Umm, I recommend the lan lan ( works fine, haven't lubed it...sub 8 avg), however thrwast likes the V-cube 2a...try out w/e floats your boat.


----------



## sa11297 (Mar 15, 2011)

v cube if you can afford it.
lan lan is the next best.
then ghosthand coming very close to lanlan
then yj and maru and diansheng and others (in no particular order)
lastly eastsheen which doesnt corner cut, overturns and locks up


----------



## maggot (Mar 15, 2011)

ManSpider said:


> Any info why it's illegal? I couldn't find anything



it is an advantage to have a pillowed puzzle because you have a biased view. it is stated that you are not able to use a puzzle in which you would have an advantage. this is why the stickerless guhong is not competition legal. the only reason why the 7x7 is acceptable is because the only available 7x7 are pillowed, assuming you dont use a KO cube, but that is irrelevant. 
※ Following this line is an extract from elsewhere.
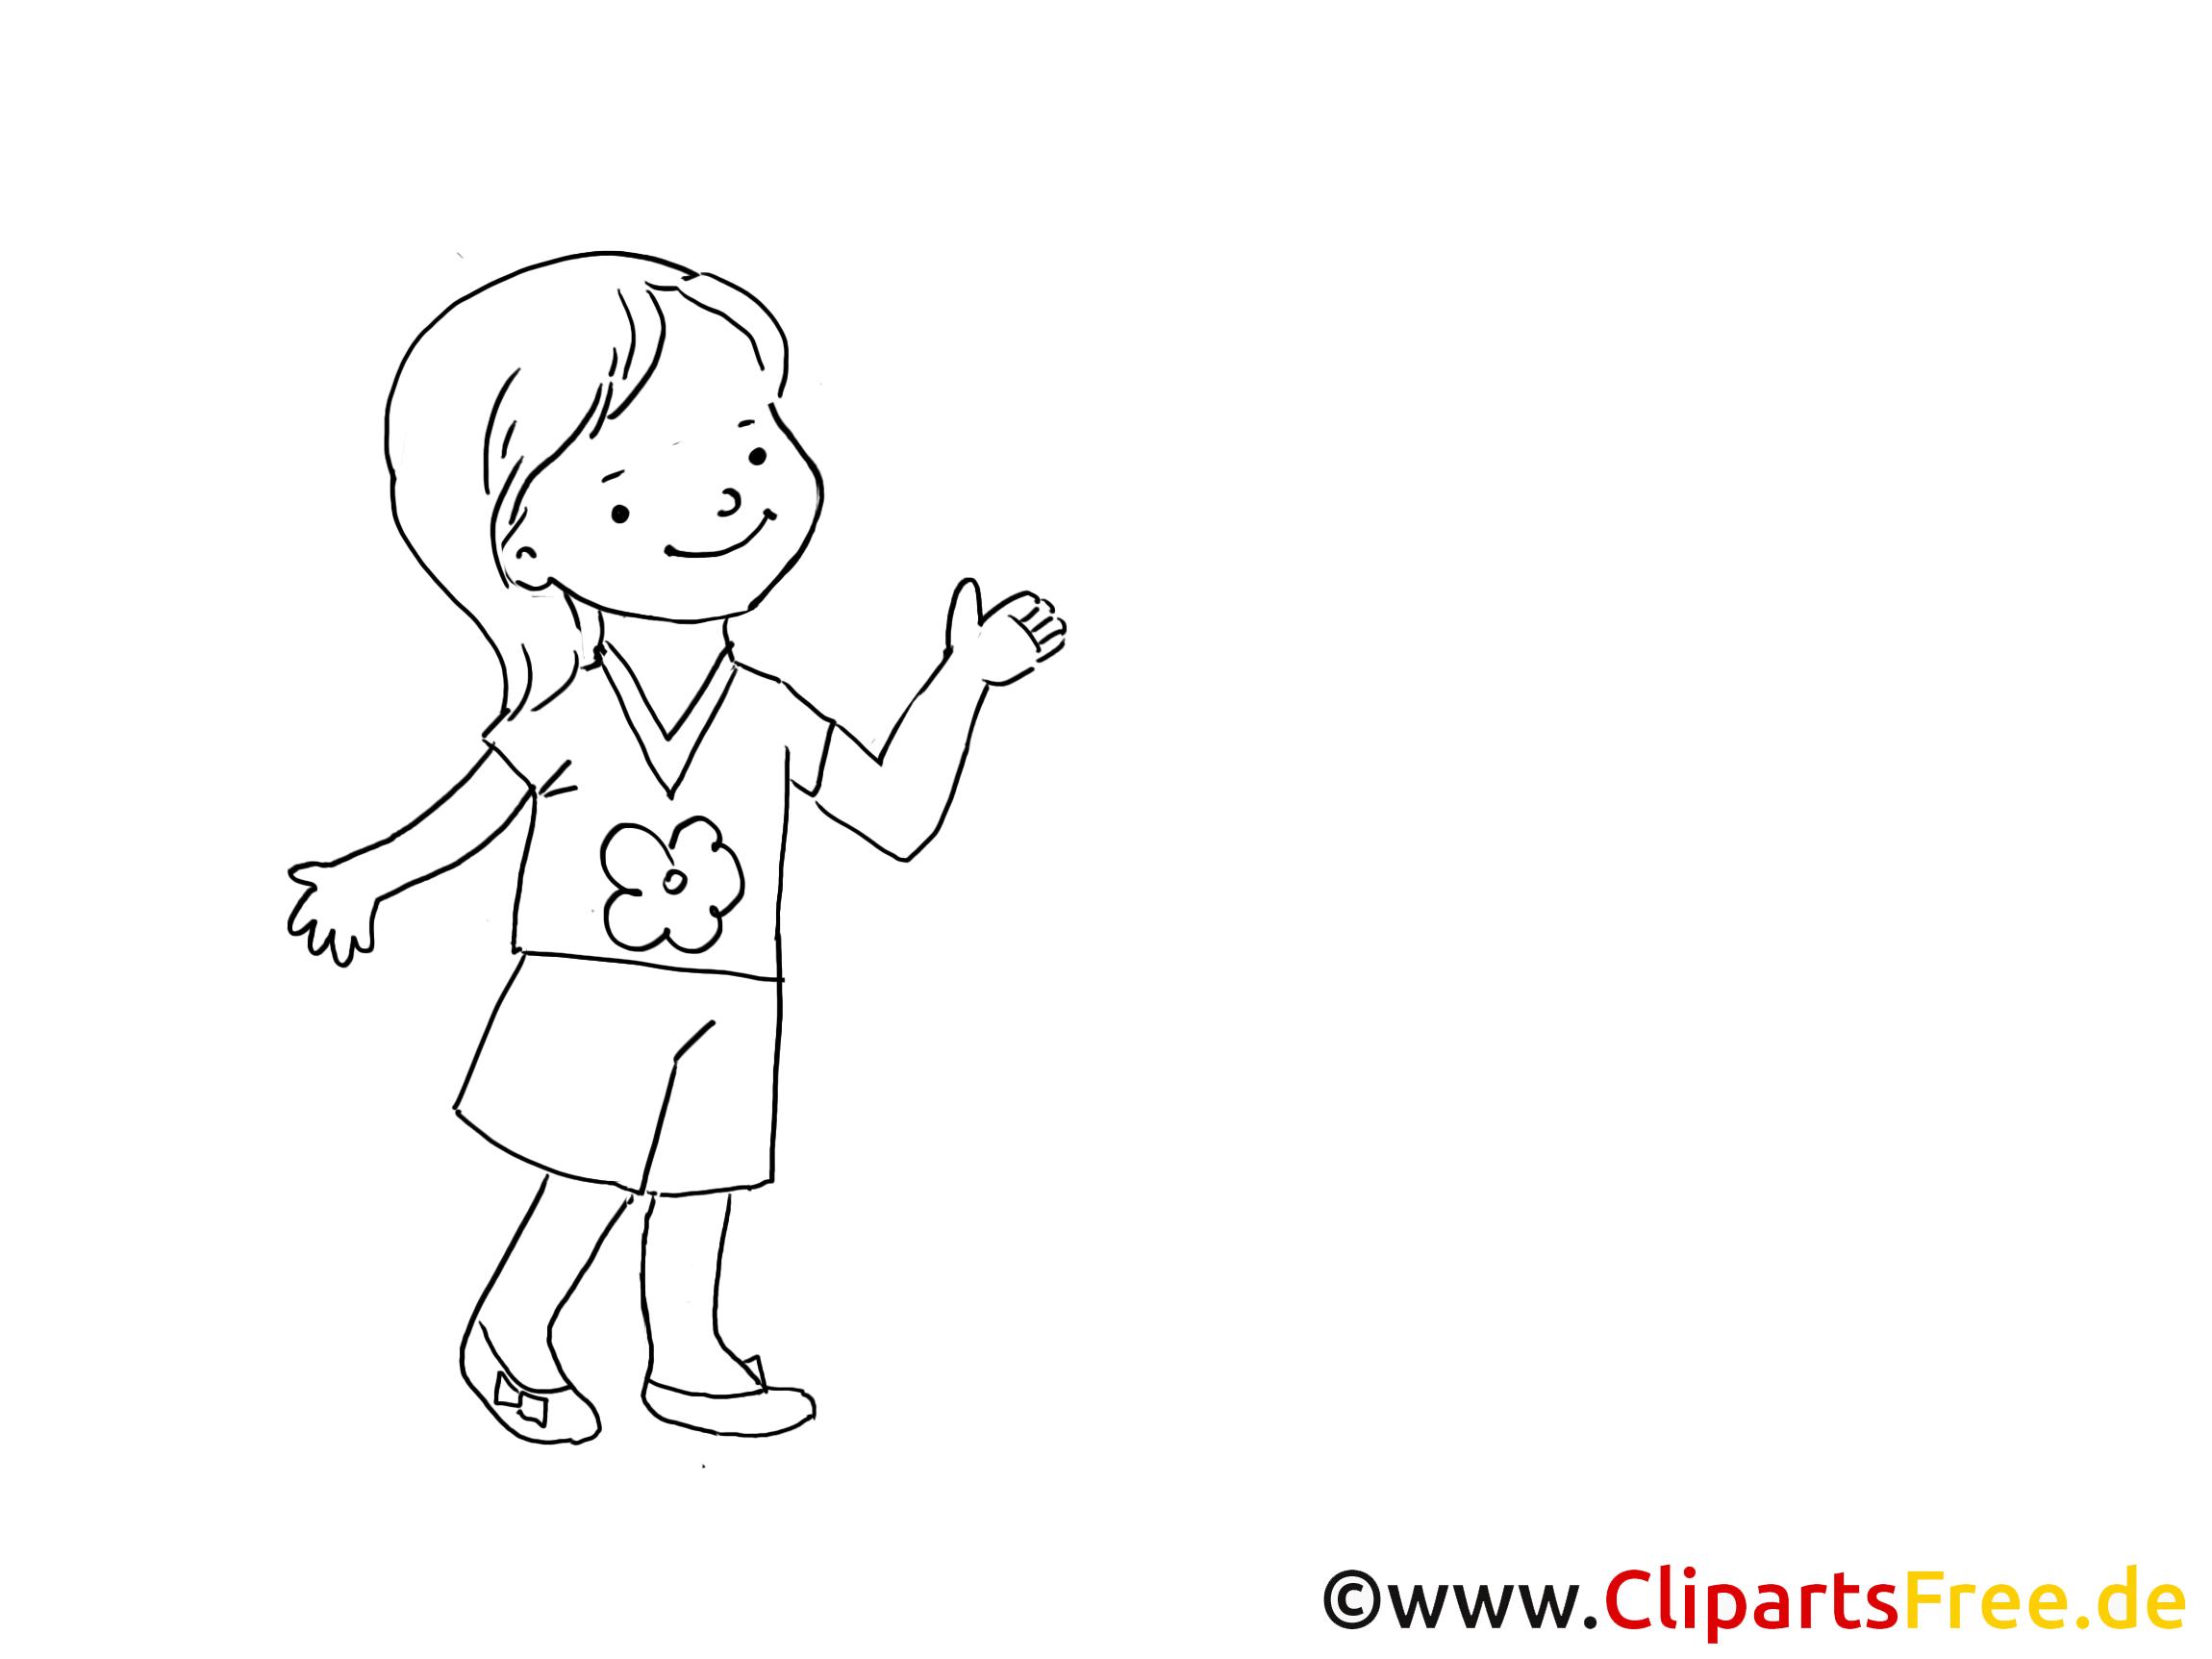 Fille dessin colorier maternelle image gratuite - Fille a colorier ...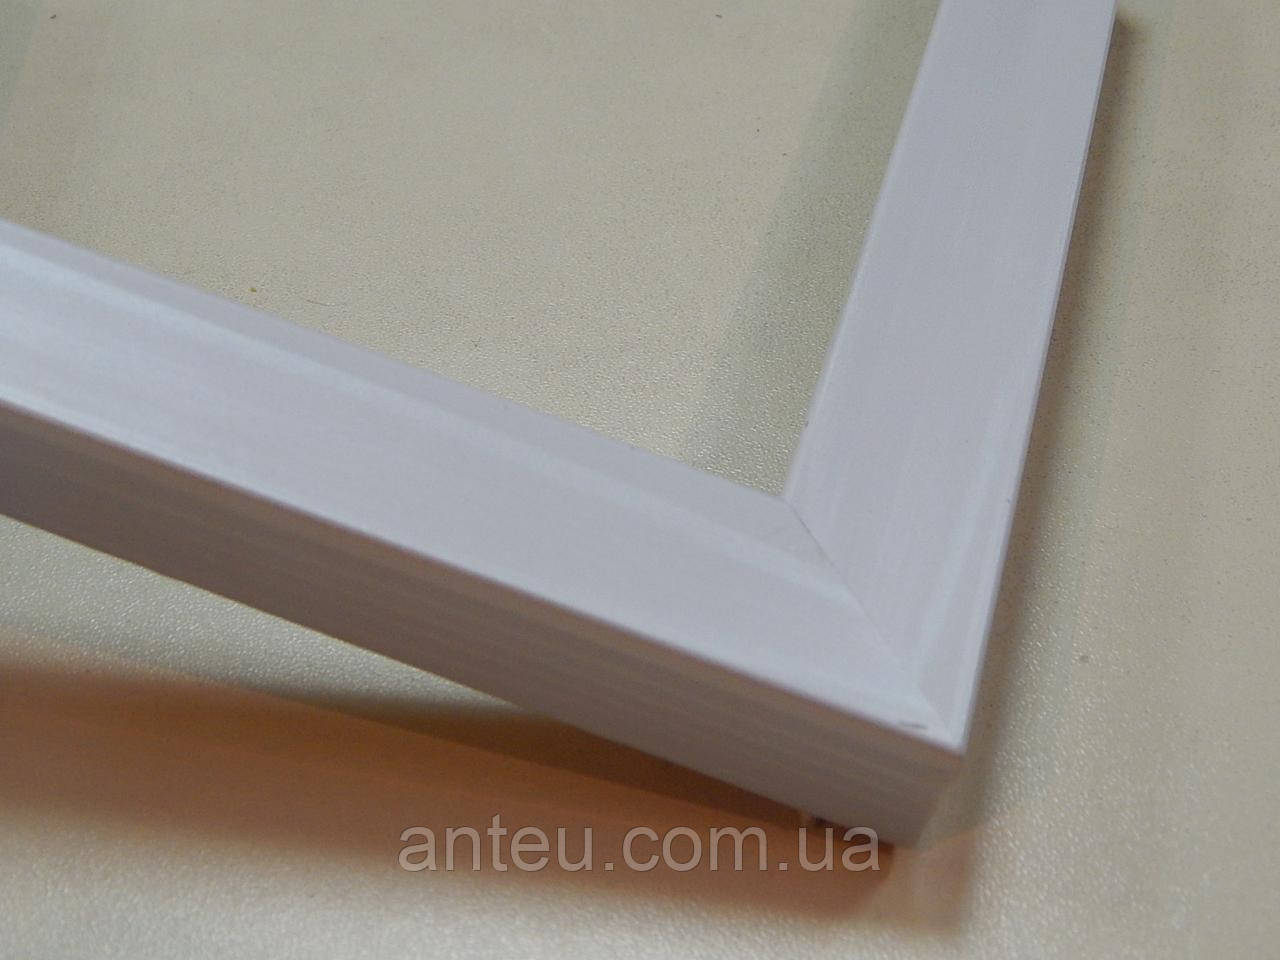 Рамка 10х15.22 мм.Белое дерево.

and grats for bumping a thread which was pointless imho.


----------



## splinteh (Mar 15, 2011)

If you don't mind spending a bit more, go for the v cube or Maru. If you want something that costs a bit less, get a ghost hand/shenshou


----------



## theace (Mar 17, 2011)

IMO, anything apart from a LanLan, Shenshou or Ghosthand is a waste.


----------



## Mike Crozack (Mar 17, 2011)

I'd say get V-cube, its the best after lubing and such
if you cant afford that, or for some reason dont want it, i'd get another lanlan


----------



## collinbxyz (Mar 17, 2011)

This is funny that this thread was dead for over two months =P
BTW I got the Maru
Than I got a ghost hand from Cubedepot at SJC which is now my main.


----------



## Cool Frog (Mar 17, 2011)

LanLan internal pops suck


----------



## cubersunite (Mar 17, 2011)

I have a LanLan and haven't had a single pop, there are just some oddballs that come from LanLan that have some issues, but the majority work GREAT


----------



## Bapao (Mar 18, 2011)

The EastSheen doesn't have springs so it locks like crazy.


----------



## ric d (Oct 24, 2011)

Get a Wittwo (Type C) 2x2 I got a 4.82 avg when I ususally avg about 5.50. Unfortunately I lost it or someone stole it.


----------



## collinbxyz (Oct 24, 2011)

ric d said:


> Get a Wittwo (Type C) 2x2 I got a 4.82 avg when I ususally avg about 5.50. Unfortunately I lost it or someone stole it.


 
This is really surprising to see this thread by me get bumped  one minute ago

But I think I got the Maru 2x2 (not sure what this thread was for exactly, this was a very useless and unnecessary thread). But I do have a lubix wittwo 2x2 now, and it's my main. I know that you are new and all, but try not to bump threads like this, especially when it was over 9 months old... then bumped 2 months later... then now, 7 months after that :fp


----------



## JyH (Oct 24, 2011)

ric d said:


> Get a Wittwo (Type C) 2x2 I got a 4.82 avg when I ususally avg about 5.50. Unfortunately I lost it or someone stole it.


 
I know this is your second day on the forums, but please pay attention to the thread's date and stop bumping old threads (posting so they come back to the top).

EDIT: ^^What he said.


----------